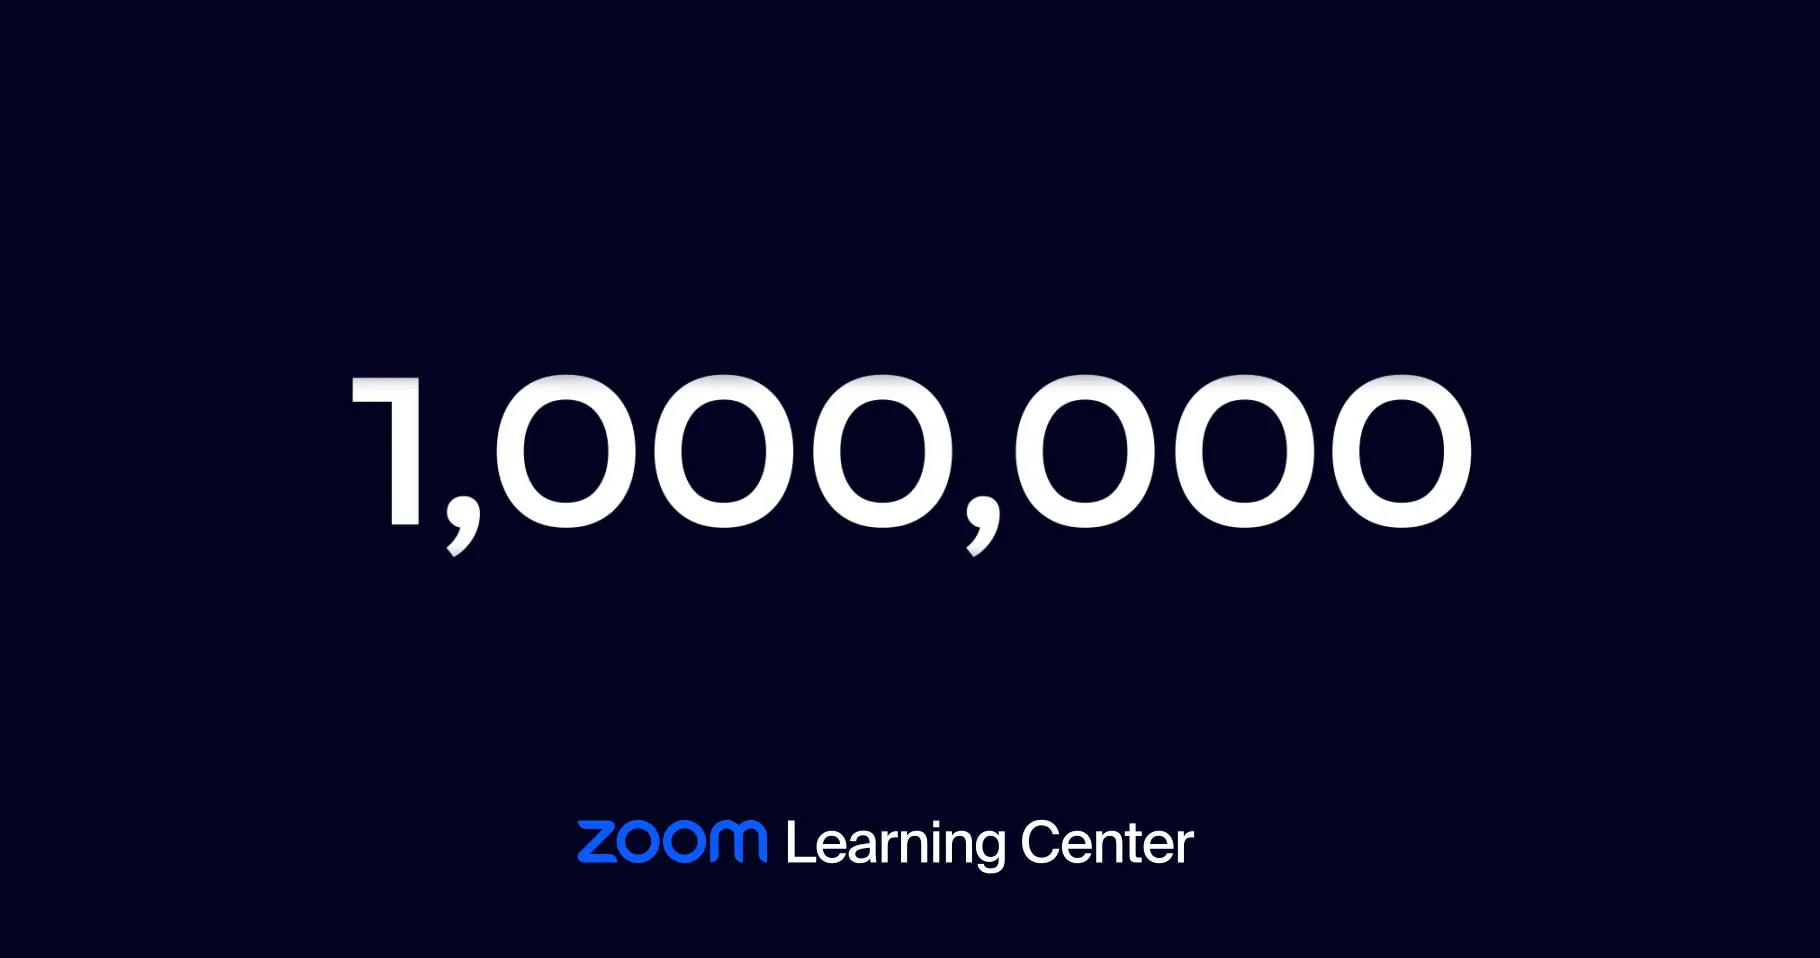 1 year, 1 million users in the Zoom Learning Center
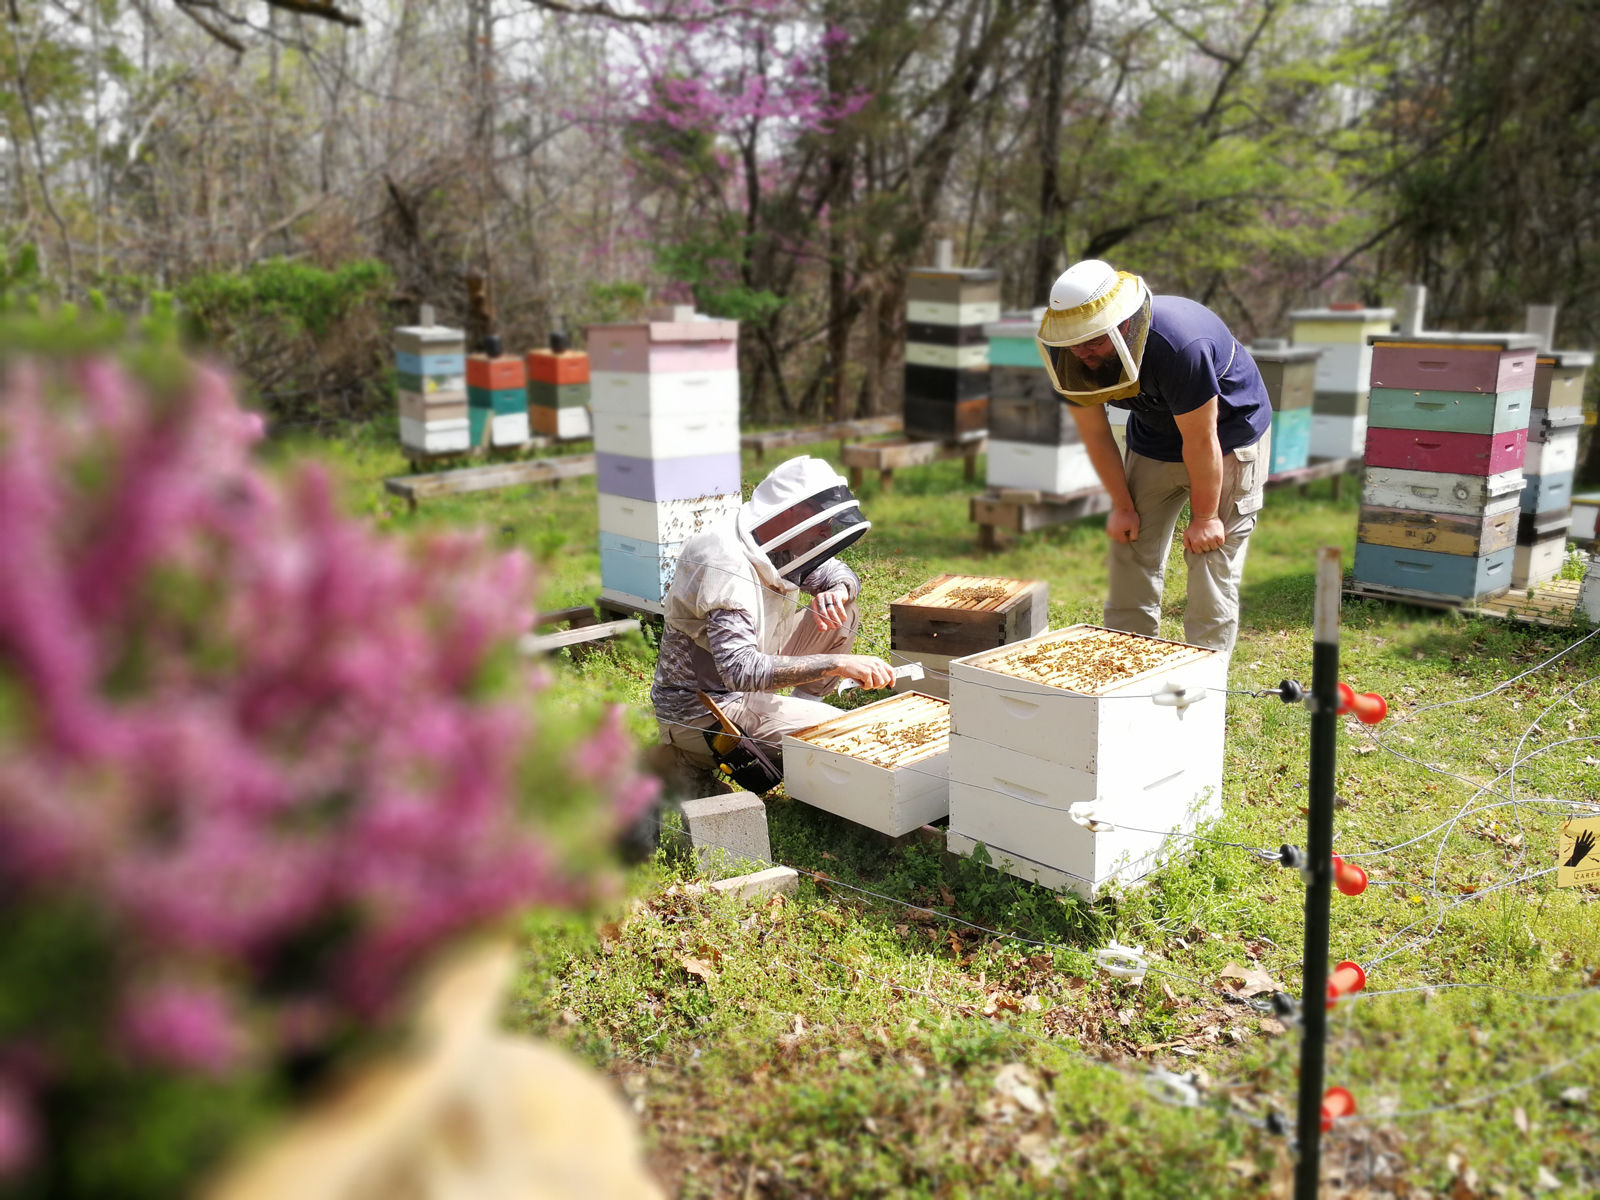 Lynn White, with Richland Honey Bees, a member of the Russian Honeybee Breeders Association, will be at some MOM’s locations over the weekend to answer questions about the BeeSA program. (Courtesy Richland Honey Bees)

***

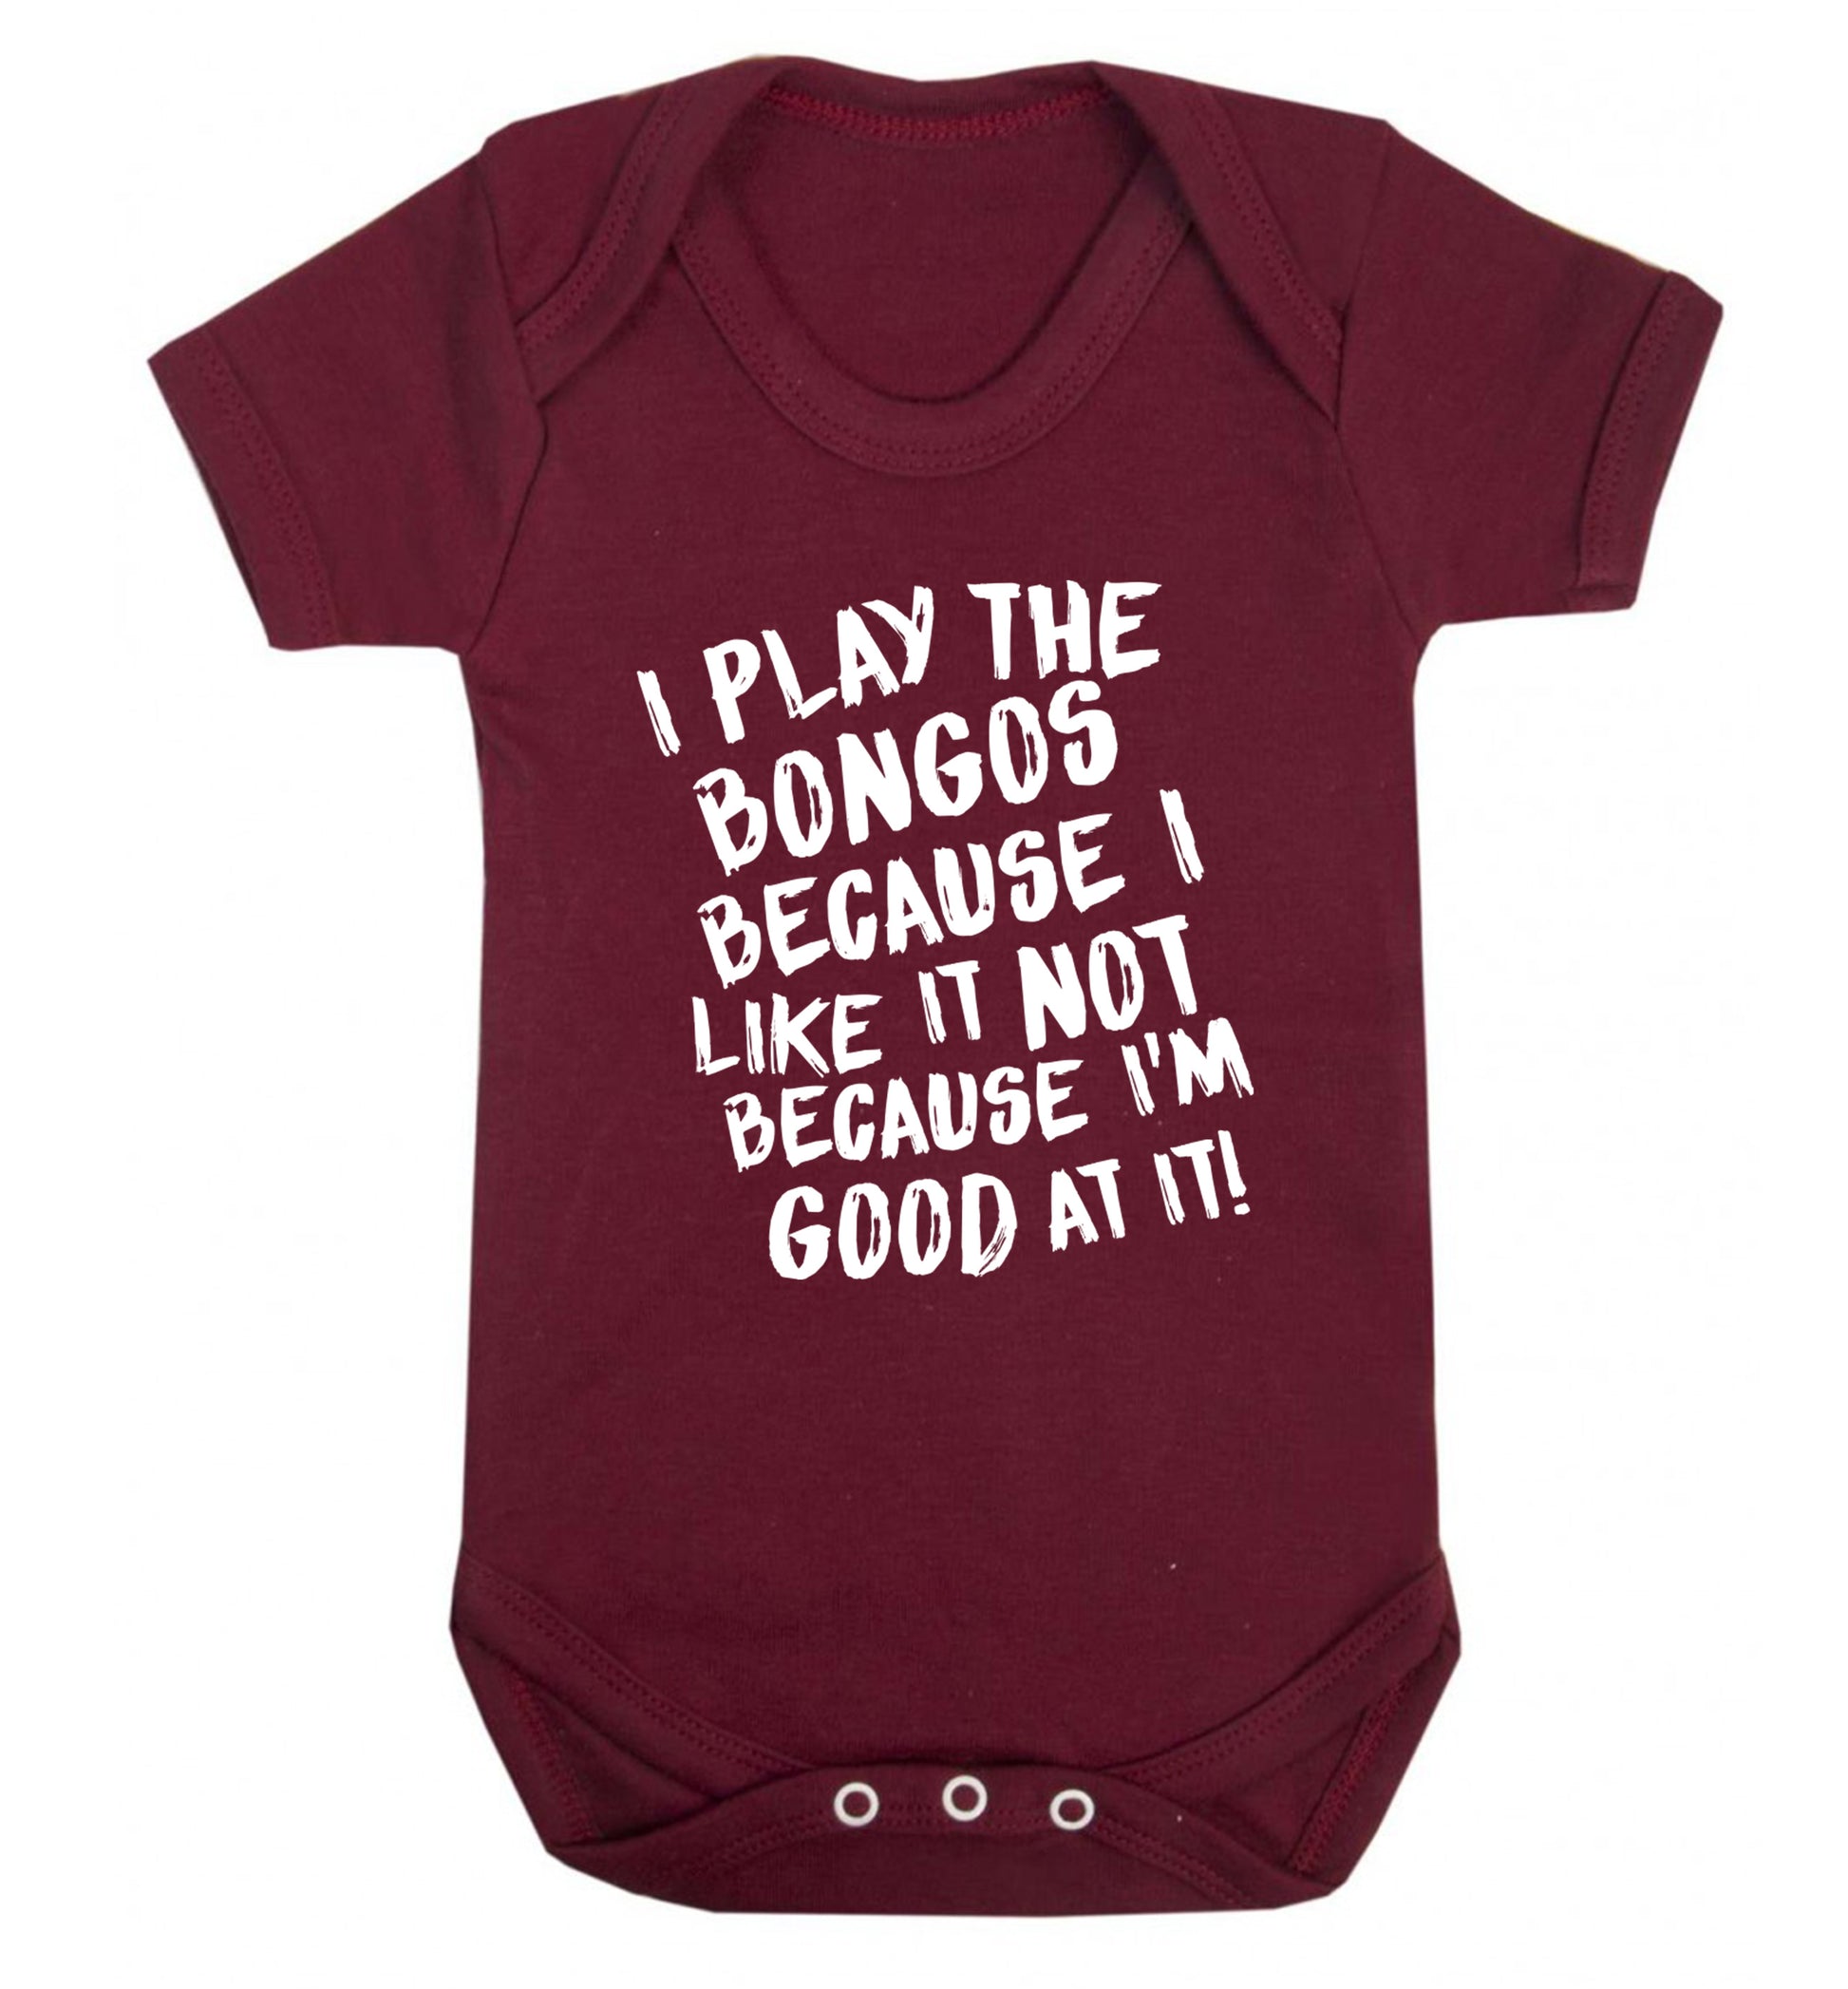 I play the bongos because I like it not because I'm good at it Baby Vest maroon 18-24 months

***

Above are entries with pictures among them. Write out exactly the lines from the one containing "1 year, 1 million" through the one containing "Lynn White, with", ends included, and leave those pictures out.

 1 year, 1 million users in the Zoom Learning Center
 Lynn White, with Richland Honey Bees, a member of the Russian Honeybee Breeders Association, will be at some MOM’s locations over the weekend to answer questions about the BeeSA program. (Courtesy Richland Honey Bees)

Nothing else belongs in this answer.